LIC IPO Subscribed 18% On First Day of Its Opening

As per the data by IPO Watch and IPO Wala, LIC traded at a premium of Rs 85 per share in the grey market on Wednesday, against Rs 45 premium last Thursday.

Sentinel Digital Desk

New Delhi: The much-awaited Initial Public Offering (IPO) of the Life Insurance Corporation (LIC) hit the market on Wednesday with a price band of Rs 902 to 949 per equity share.

LIC has also witnessed a surge of 9 percent premium over its upper price band in the grey market as the Rs 21,000-crore.

As per the NSE data, the company issue was subscribed 0.18 times, while the policyholder's segment was subscribed 0.48 times while the employee's portion was subscribed 0.38 times.

Apart from these, the qualified institutional buyers (QIBs) were subscribed 0.00 times, the non-institutional investors were subscribed 0.04 times and the retail segment was subscribed 0.24 times.

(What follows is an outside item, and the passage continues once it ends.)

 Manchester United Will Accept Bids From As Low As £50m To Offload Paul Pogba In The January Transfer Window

Investors who wish to subscribe to LIC IPO can bid in a lot of 15 equity shares and multiples thereafter.

As per the data by IPO Watch and IPO Wala, LIC traded at a premium of Rs 85 per share in the grey market on Wednesday, against Rs 45 premium last Thursday.

The government is offloading 3.5% or 22.13 crore shares and targets to raise Rs 20,550 crore through this public issue.

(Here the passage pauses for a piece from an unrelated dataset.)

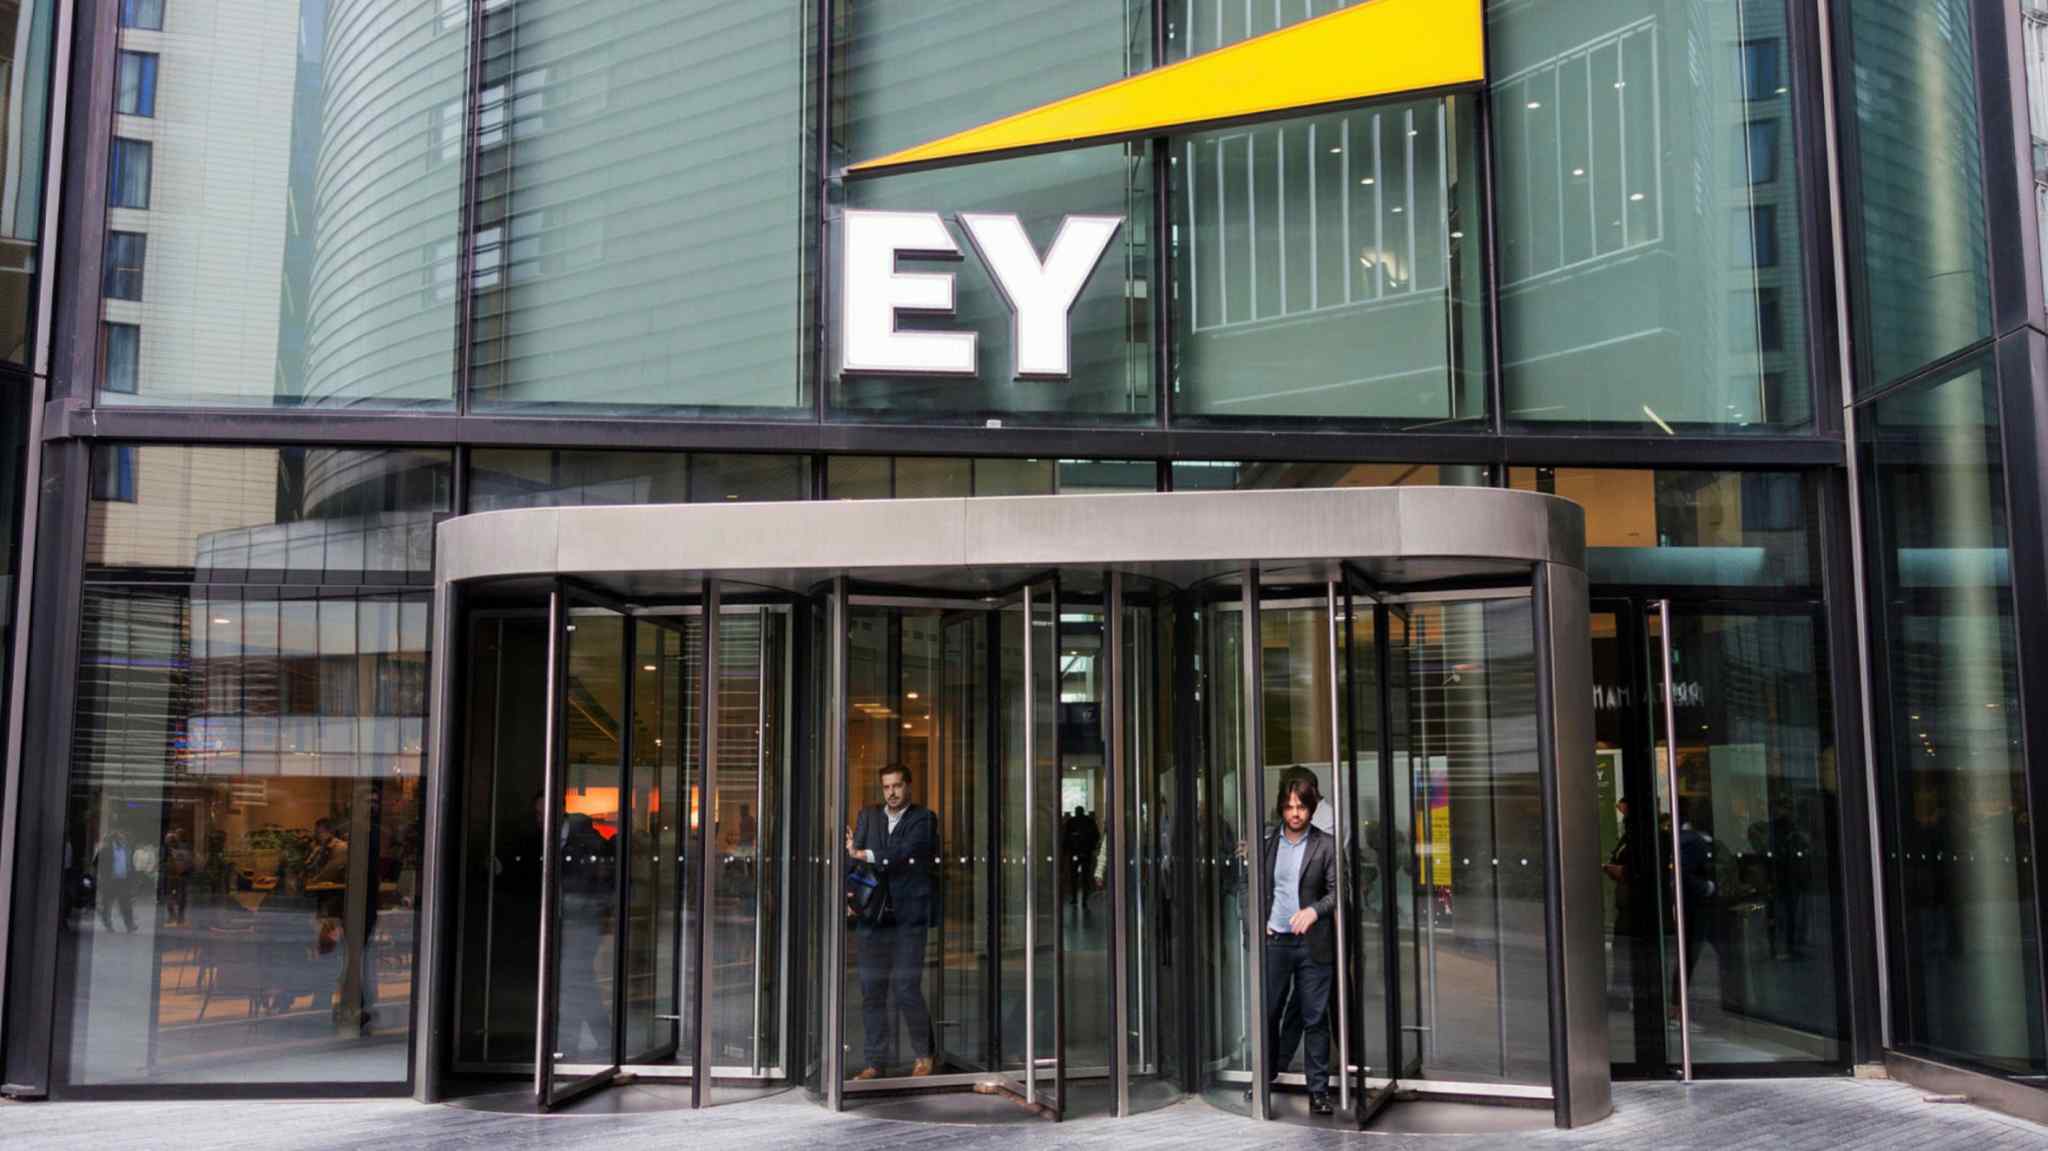 EY explores IPO or partial sale of global advisory business

Meanwhile, the LIC policyholders will get a discount of Rs 60 per equity share, while Retail and employees will get a discount of Rs 40.

Presently, as per the market observers, LIC is trading a healthy premium or GMP.

The company has already garnered more than Rs 5,000 crore through its anchor book on May 2, of which Rs 4,000 has been invested by 15 domestic mutual funds through 99 schemes.

Initially, the IPO was planned to be launched in March, but the Russia-Ukraine crisis has derailed the plans as stock markets are highly volatile.

In February, the insurance company had filed draft papers with the Securities and Exchange Board of India (SEBI) stating that it would sell a 5 percent stake or 31.6 crores shares in the insurer.